3. Reduction of Maintenance Cost:

    • Application programs and chip adaptation layers are maintained independently, reducing mutual influence;
    • Modification of the chip adaptation layer will not affect application programs;
    • Unified interface design facilitates code management and maintenance.

4. Enhancement of Expandability:

    • Support “pre-compilation and subsequent utilization,” and applications can run on any supported chip after compilation;
    • Newly added chip platforms only need to add corresponding adaptation layers;
    • Facilitate third-party developers to develop adaptation layers for new chips.

In general, compared with the first embodiment, the core difference of the reconstructed second embodiment according to the present invention lies in code organization and compilation running mechanisms rather than interface usage and code implementation. After reconstruction, the architecture maintains separation of chip code and applications and, at the same time, optimizes compilation and deployment processes through the design concept of “pre-compilation and subsequent utilization,” improving development efficiency and deployment flexibility, and is applicable to various algorithms and applications in the system.

Taking an image collection application as an example, after reconstruction, an application program only needs to be compiled once to run on all supported chip platforms, and at runtime, it can automatically match a corresponding chip implementation library. This design not only improves compilation efficiency but also strengthens expandability and maintainability of the system, laying a foundation for supporting more chip platforms in the future.

Through the analogy of “large equipment” and “display” introduced above, the advantages of this architecture can be understood more intuitively: just as the HDMI interface standard unifies connection manners of equipment and displays, the reconstructed architecture also realizes efficient decoupling and flexible combination of application programs and chip platforms through a unified interface and dynamic linking mechanism.
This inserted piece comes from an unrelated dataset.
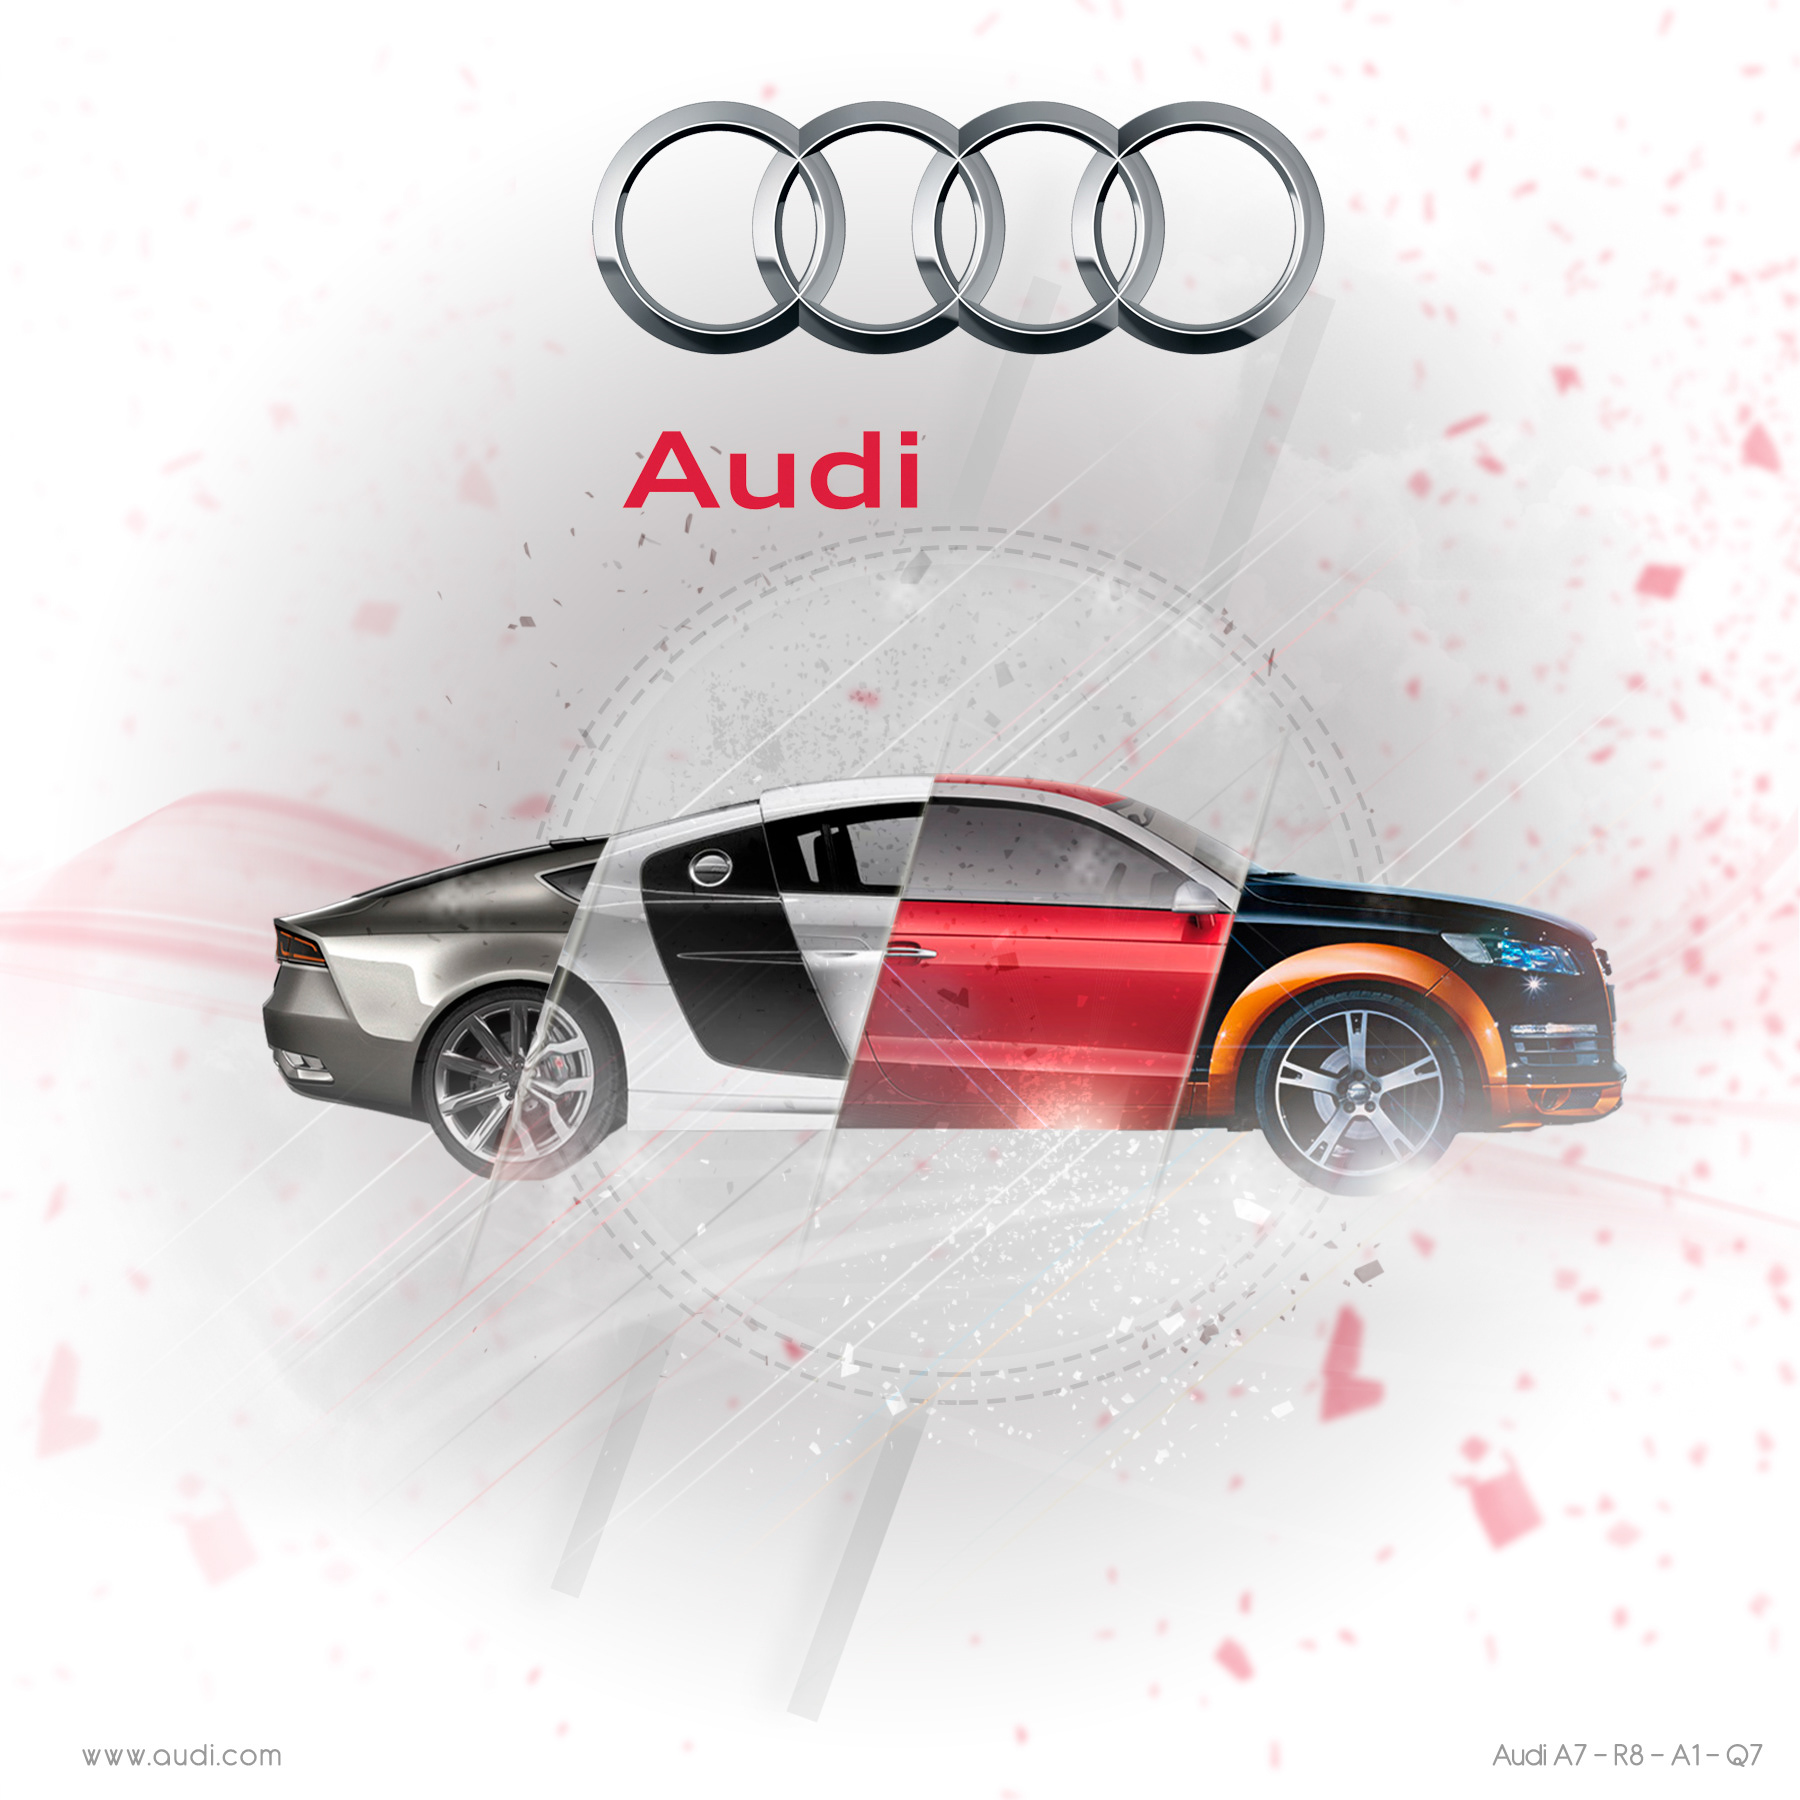 Audi Collection | Behance

FIG. 7A and FIG. 7B illustrate comparisons in technical effects among the prior art, the first embodiment, and the second embodiment, respectively. FIG. 7A and FIG. 7B provide the evolution from the prior art to the present invention (the first embodiment) and then to the preferred mode of the present invention (the second embodiment) from left to right, respectively.

The left side of FIG. 7A illustrates the prior art (e.g., Tros of Horizon Company), which achieves the objective of supporting multiple chips within the RDK by implementing application-level abstraction. This prior art has the following characteristics: it has application-level HAL abstraction; the various chips of the RDK implement the aforementioned application-level abstraction; it can only connect to chips that support the RDK and cannot connect to chips that support other types; and the algorithm application needs to be coupled with chip characteristics.

The middle of FIG. 7A illustrates the first embodiment of the present invention, which achieves the objective of realizing multi-chip support. This embodiment has the following characteristics: having chip SDK-level abstraction; having more extensive abstraction to support more chip types; realizing isolation between algorithm applications and chip characteristics; and no code modification required, although recompilation is still necessary.

The right side of FIG. 7A illustrates the preferred second embodiment of the present invention, which achieves the objective of completely eliminating the dependency of the algorithm installation package (the compilation product of the algorithm) on the chip. This preferred embodiment has the following characteristics: when the algorithm is compiled with the application, it is not necessary to know which chips need to be supported in the future; and when a new chip is added, it is not necessary to recompile the original algorithm and application. That is, the advantage of “pre-compilation and subsequent utilization” can be achieved. This mode is similar to the concept of “dll” (Dynamic Link Library), which can be implemented on different chips by replacing the bottom-layer “dll”.

FIG. 7B also illustrates comparisons in technical effects among the prior art, the first embodiment, and the second embodiment, respectively, and provides supplementary explanations for the content of FIG. 7A.

In the prior art (e.g., Tros of Horizon Company) shown on the left side of FIG. 7B, application-level HAL abstraction must be performed according to the needs of each algorithm and application. For each algorithm or application, there are corresponding implementations of the aforementioned abstraction by different chips (e.g., RDK chips).

Therefore, for M applications and N chips, this results in M×N HAL adaptations, where every time a chip is added, M adaptations are added to realize the aforementioned application-level HAL abstraction.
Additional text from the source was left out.